Franklin looked around himself. There was nothing different. Grey earth walls ran into a grey sky. The field above his trench was also grey. Mud plastered everything. The equipment, the soldiers. 
'This is one hell of a planet to be stuck on' mused Trooper Jones, next to him. His greatcoat melding to the trench wall. He was right. What was meant to be a year long war of skirmishes, had become a ten year war of attrition. The cassualty rate was high, that much was certain, but Franklin wasn't privy to such documents.
'Shut yer cake-hole and keep your eye on the field. Inteligence reports say that another attacks imminent.' Franklin growled. He hadn't asked for the position of Sergeant. It just happened he was the last one from his squad. And command had decided if he could survive, he could lead others too. _Bunch of noble farts._ he thought to himself.

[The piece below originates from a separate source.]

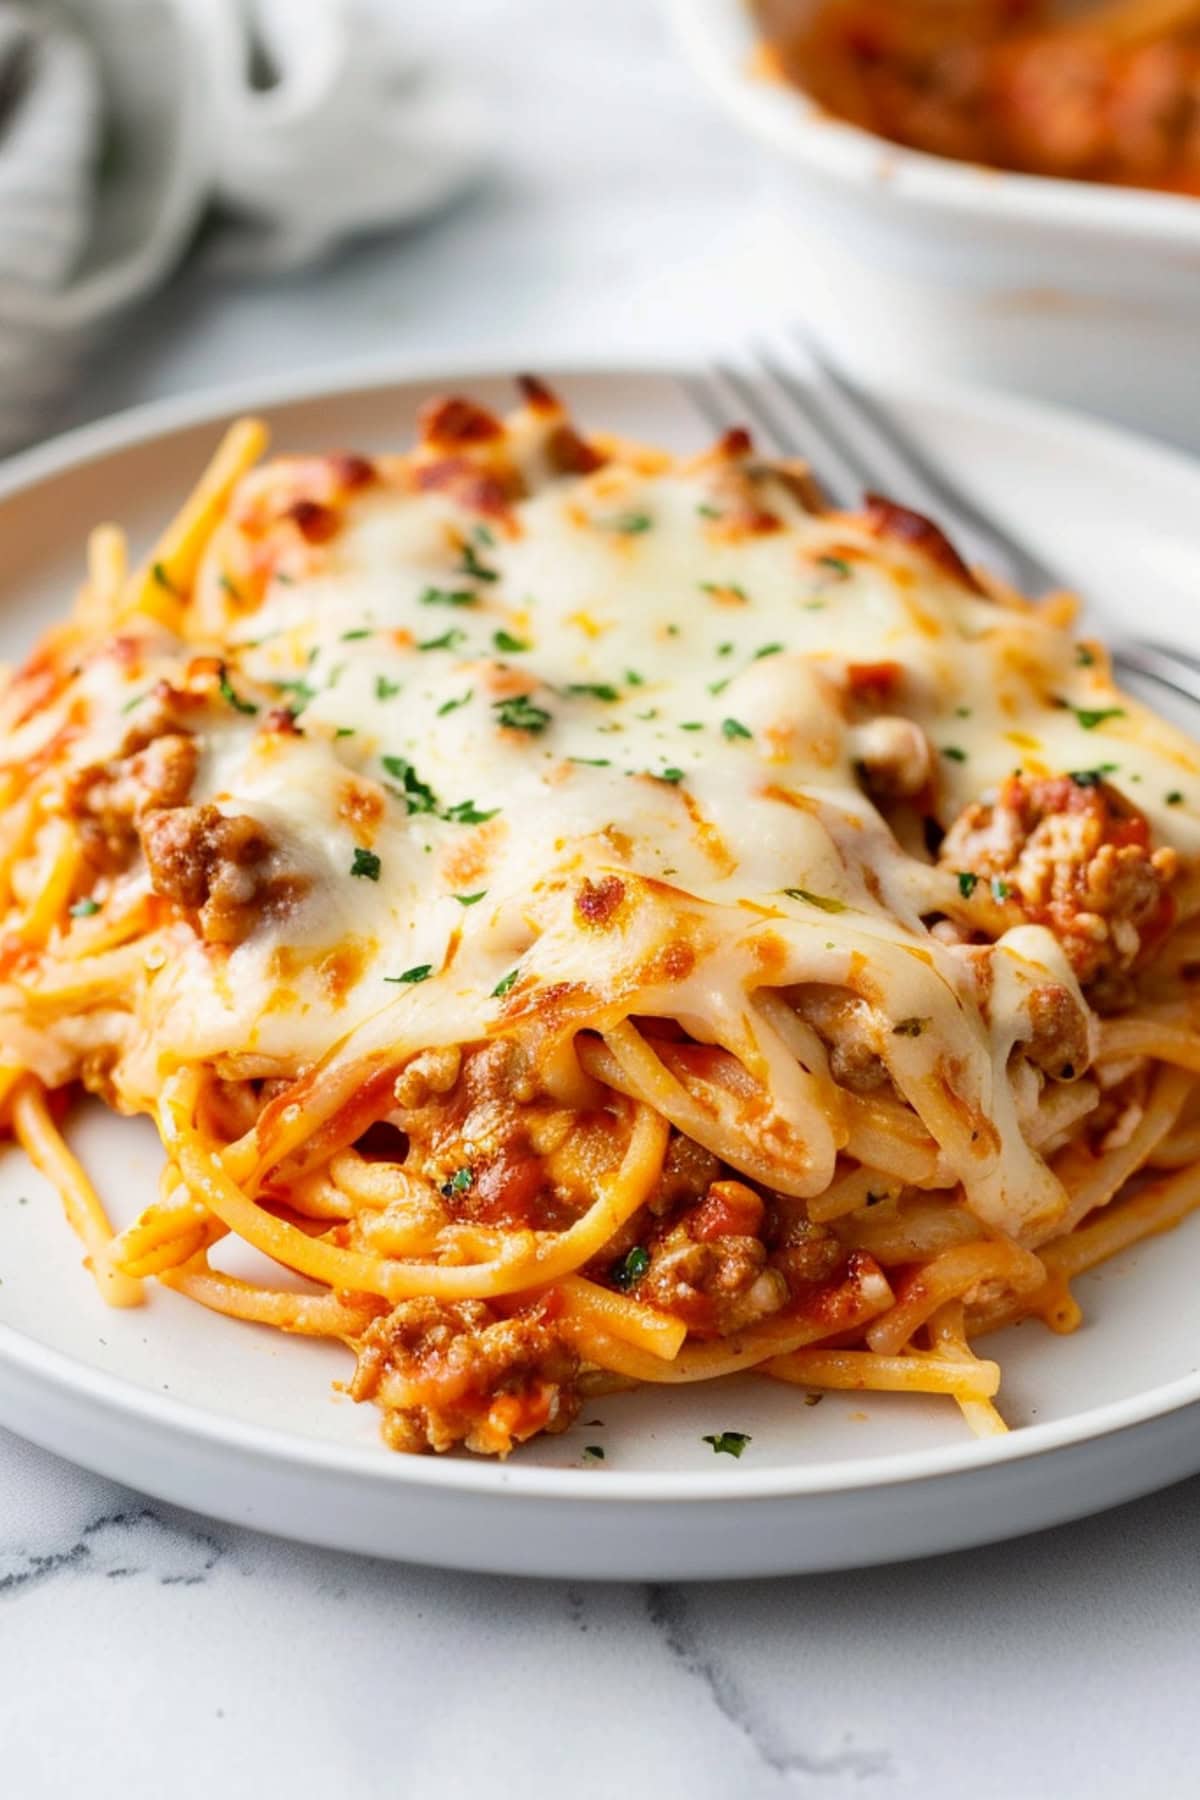 Tiktok spaghetti with ground beef in a white plate, close-up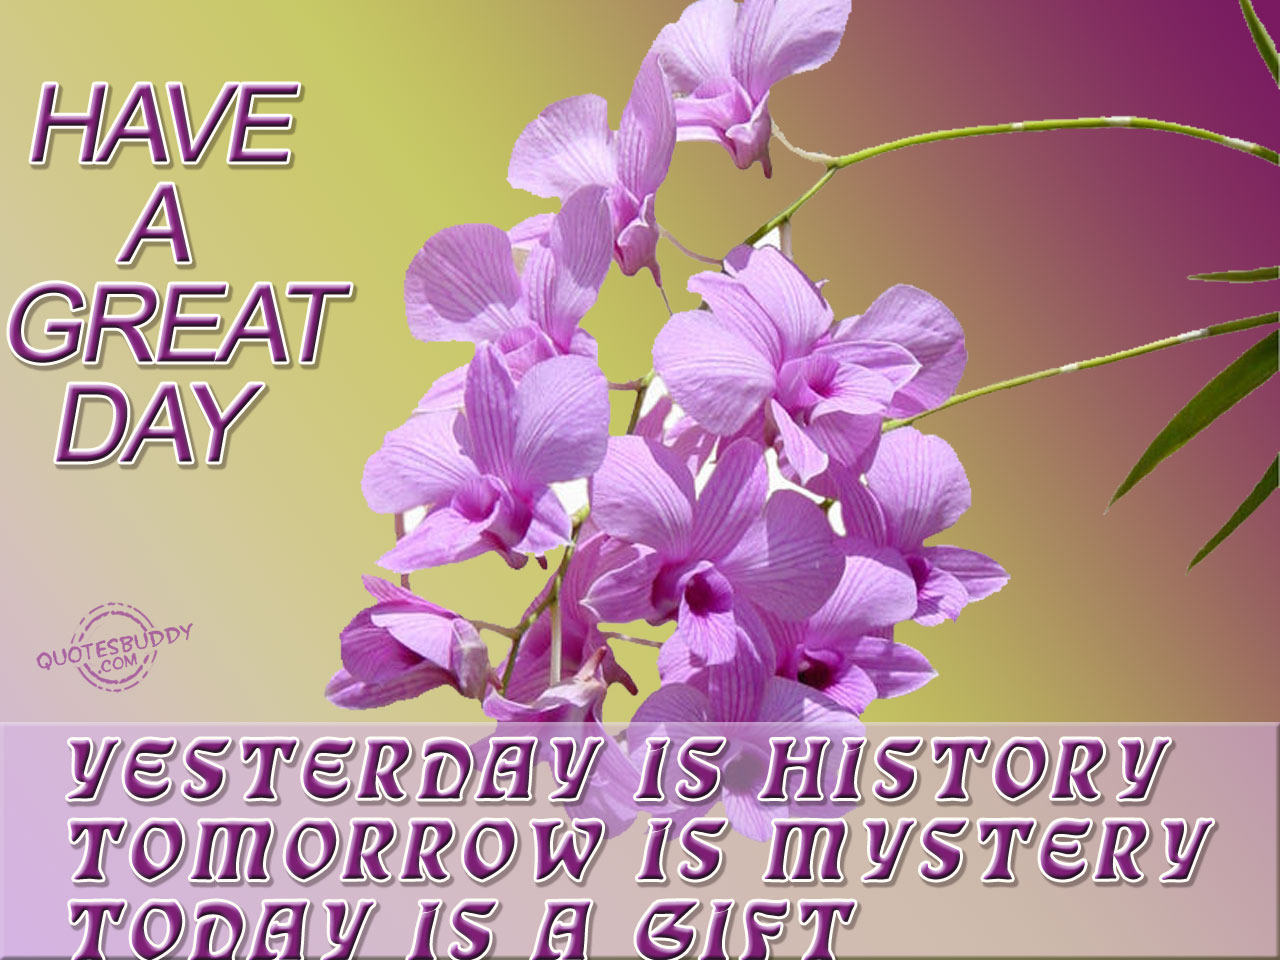 Yesterday is history, tomorrow is a mystery, today is a gift

Further down the trench, Trooper Callidan looked through the perescope mounted to the trench wall. A distant rumbling could be heard. Reminiscant of thunder. As he looked, he could see a grey cloud growing larger and larger, coming closer, and the roar of the thunder grew to a deafening Cacophany. 
'INCOMING' He yelled, and rushed over to Franklin. 'Sergeant. We have incoming artilery. A rolling barrage.' he gasped out. Franklin gave him a look of disdain. 
'Thank you Trooper. Did you think I couldn't tell. There are no clouds, what else did you think it could be' He replied, not taking his eyes from the field. Without waiting for the reply, he ordered Jones to hand him the Vox-Set.
'This is Sergeant Franklin, Devos 235th. We have incoming artillery, rolling barrage. Keep low, prepare to repel invaders. The Emperor Protects.' Handing the set back to Jones, Franklin turned to his squad with a savage grin. 'Have you settled all scores with the Emperor men? Cause your about to meet him.'


----------



## Dessel_Ordo (Jul 28, 2008)

interesting settup, might I humply inquire when you will post the next installment?


----------



## Crimson_fists (Oct 19, 2008)

So, power corrupts? Sounds like i'l have to continue looking in to see what happends to sergeant Franklin then. ( could you pm me when you send the next one up?)


----------



## ILGraenis (Mar 6, 2009)

@Dessel, Right Now infact 
UPDATE:
________________________
Franklin gripped the firing step hard hard, his knuckles turning white with the pressure. The Artillery Barage had almost reached the edge of the trench. And as soon as that was over. Then Hell would really start. Many philosophers over the years had described hell as pure fear, a land of boiling lava, and burning brands. They were all wrong. Hell was crouching in a trench. A lasgun in your hand, and knowing that in just a few moments someone would come over the top, trying to gut you. Hell was a stretch of frontline in the battle for Asphix, a backwater planet in the Regarde subsector.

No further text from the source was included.